*** Opening Source material ***

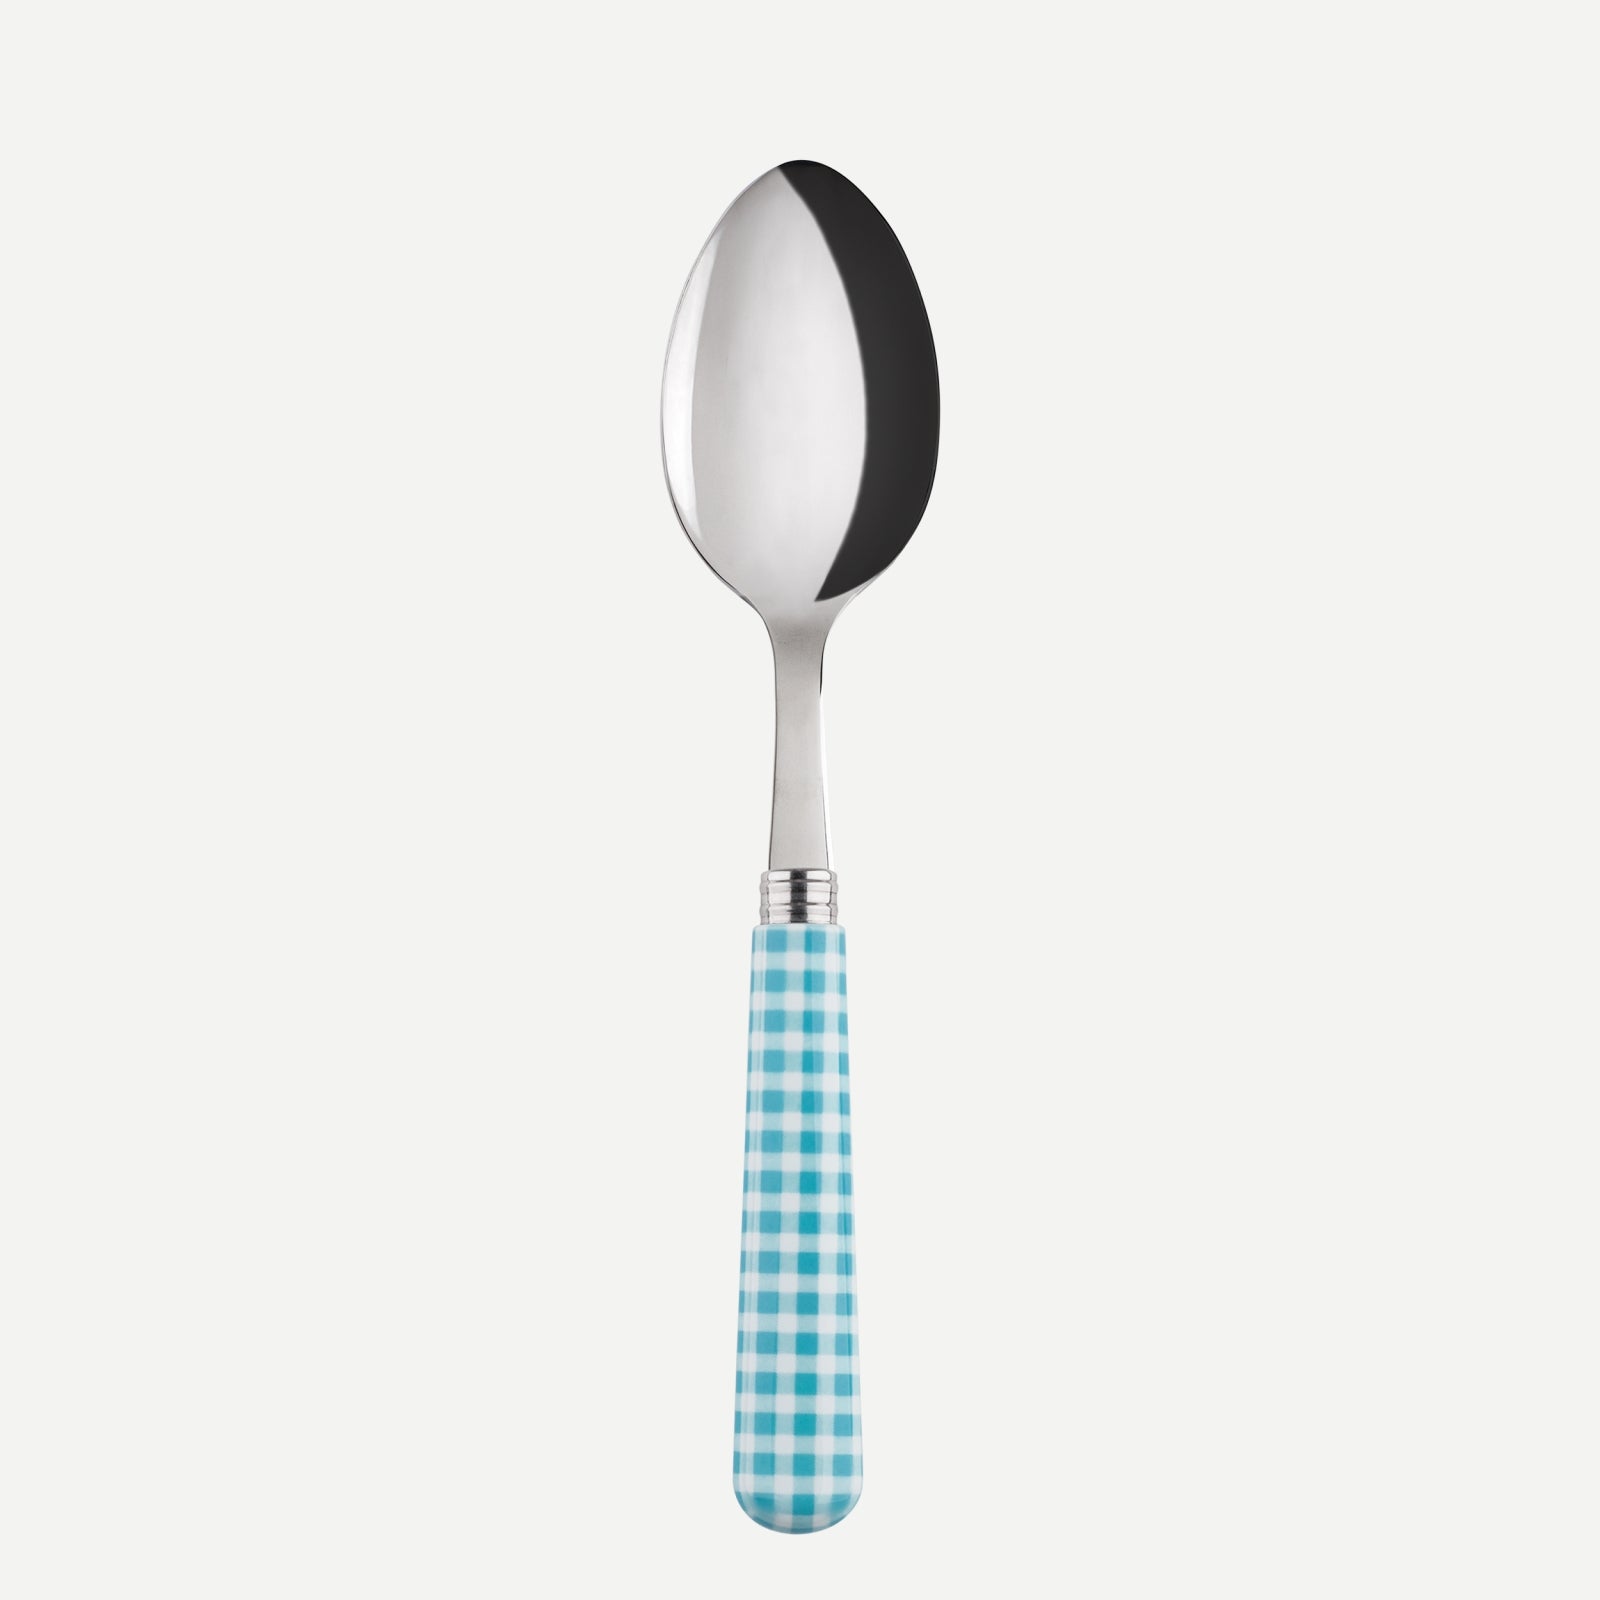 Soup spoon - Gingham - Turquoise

*** Closing Source material ***
*** Opening Source material ***

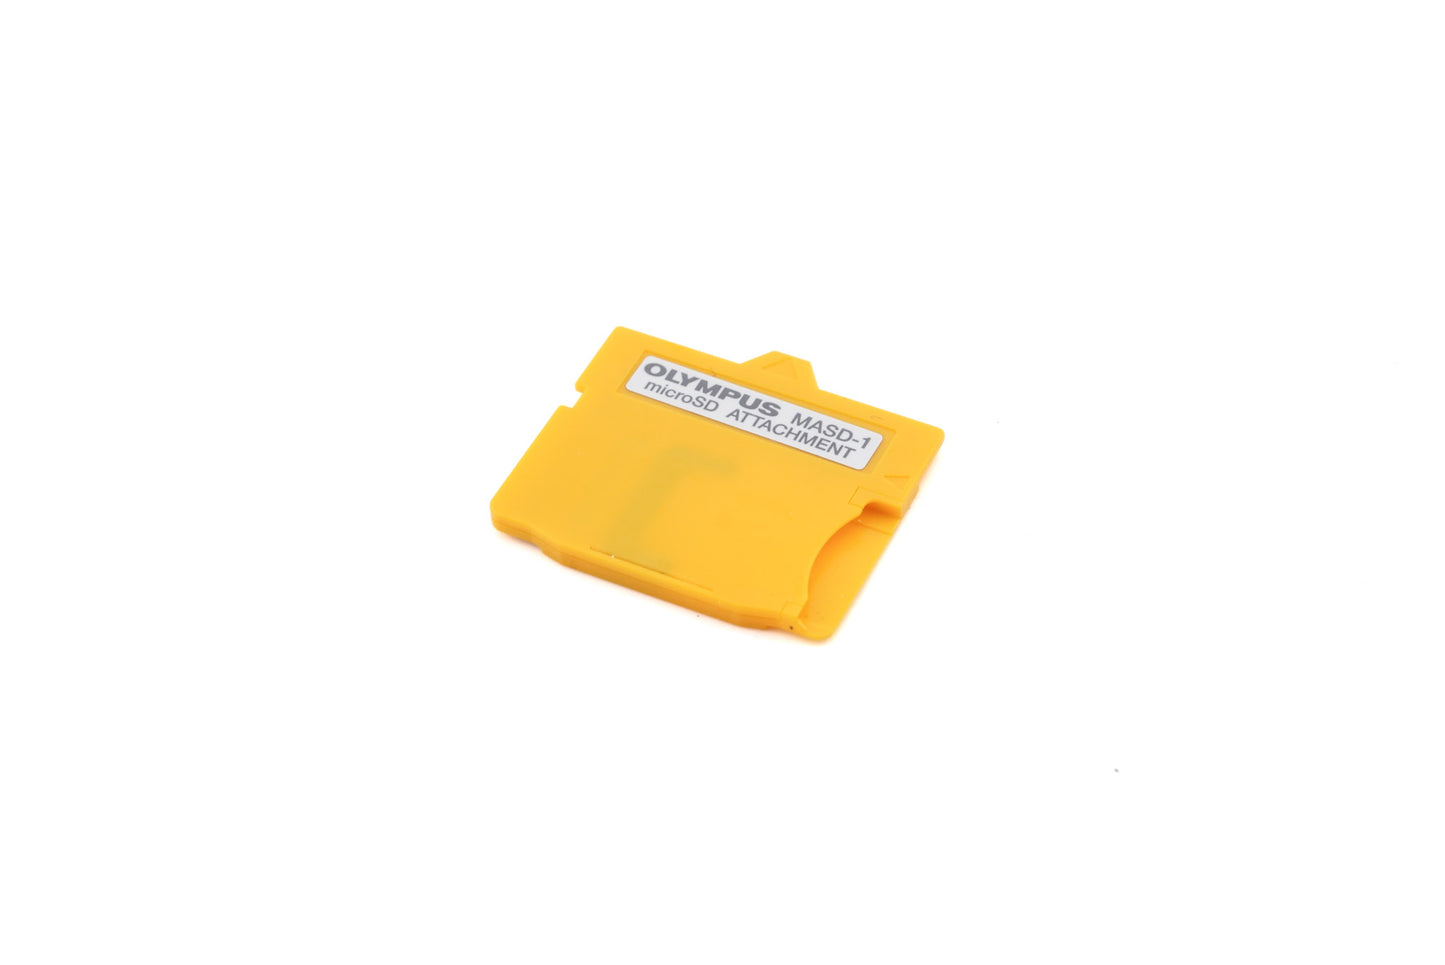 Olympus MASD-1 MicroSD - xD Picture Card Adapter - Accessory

*** Closing Source material ***
*** Opening Source material ***

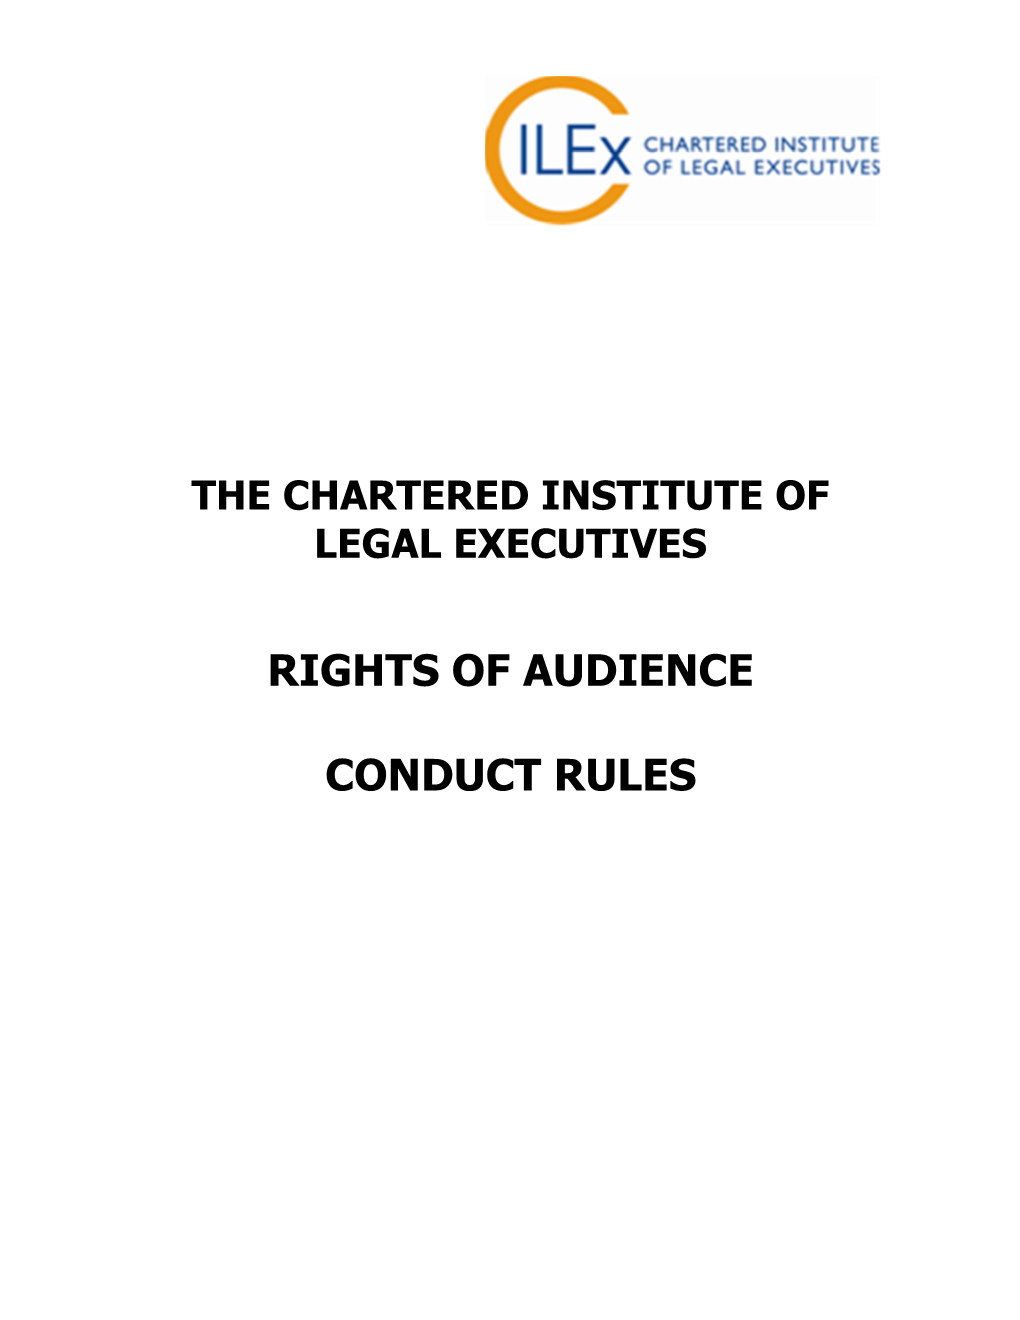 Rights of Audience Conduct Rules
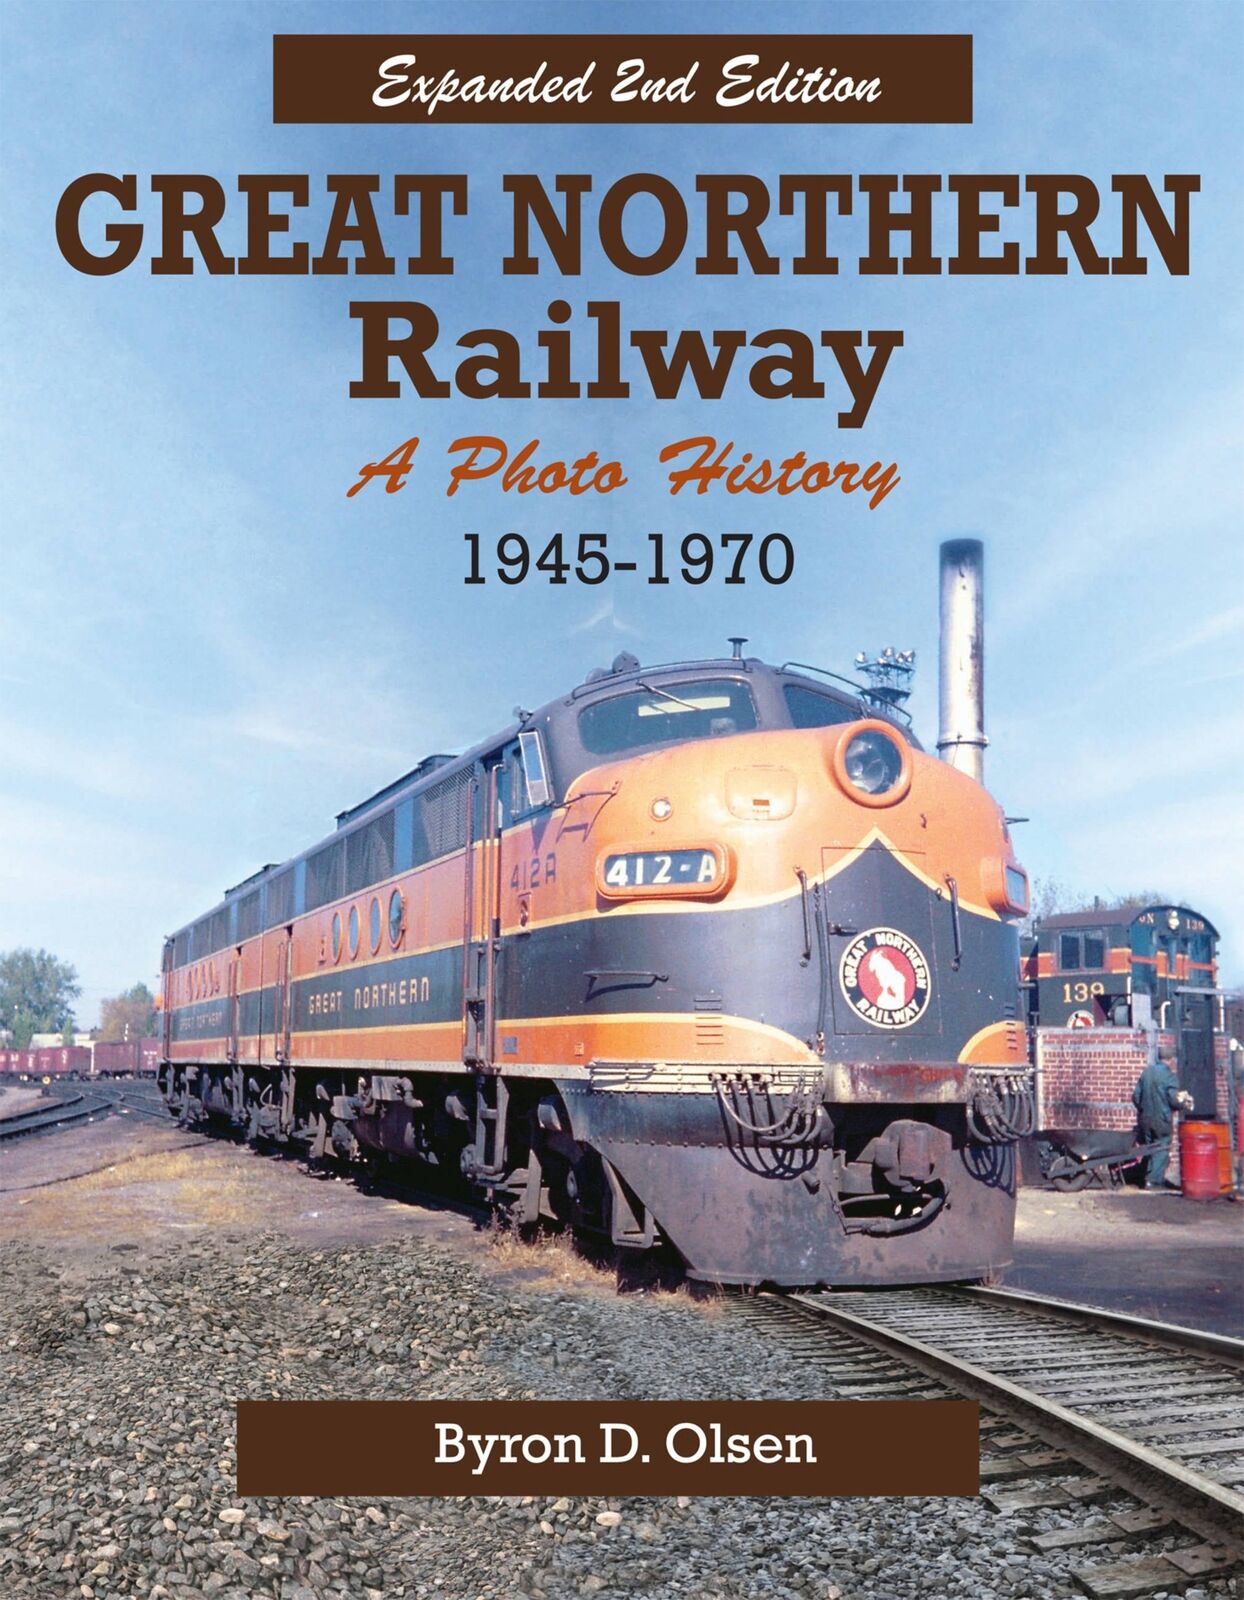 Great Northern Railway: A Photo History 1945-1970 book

*** Closing Source material ***

> **Work to complete**: Starting at the line containing "Rights of Audience Conduct Rules" and stopping at the line containing "Great Northern Railway: A", output each line exactly as it appears above. Leave out the pictures.

> **Problem solution**:
 Rights of Audience Conduct Rules
 Great Northern Railway: A Photo History 1945-1970 book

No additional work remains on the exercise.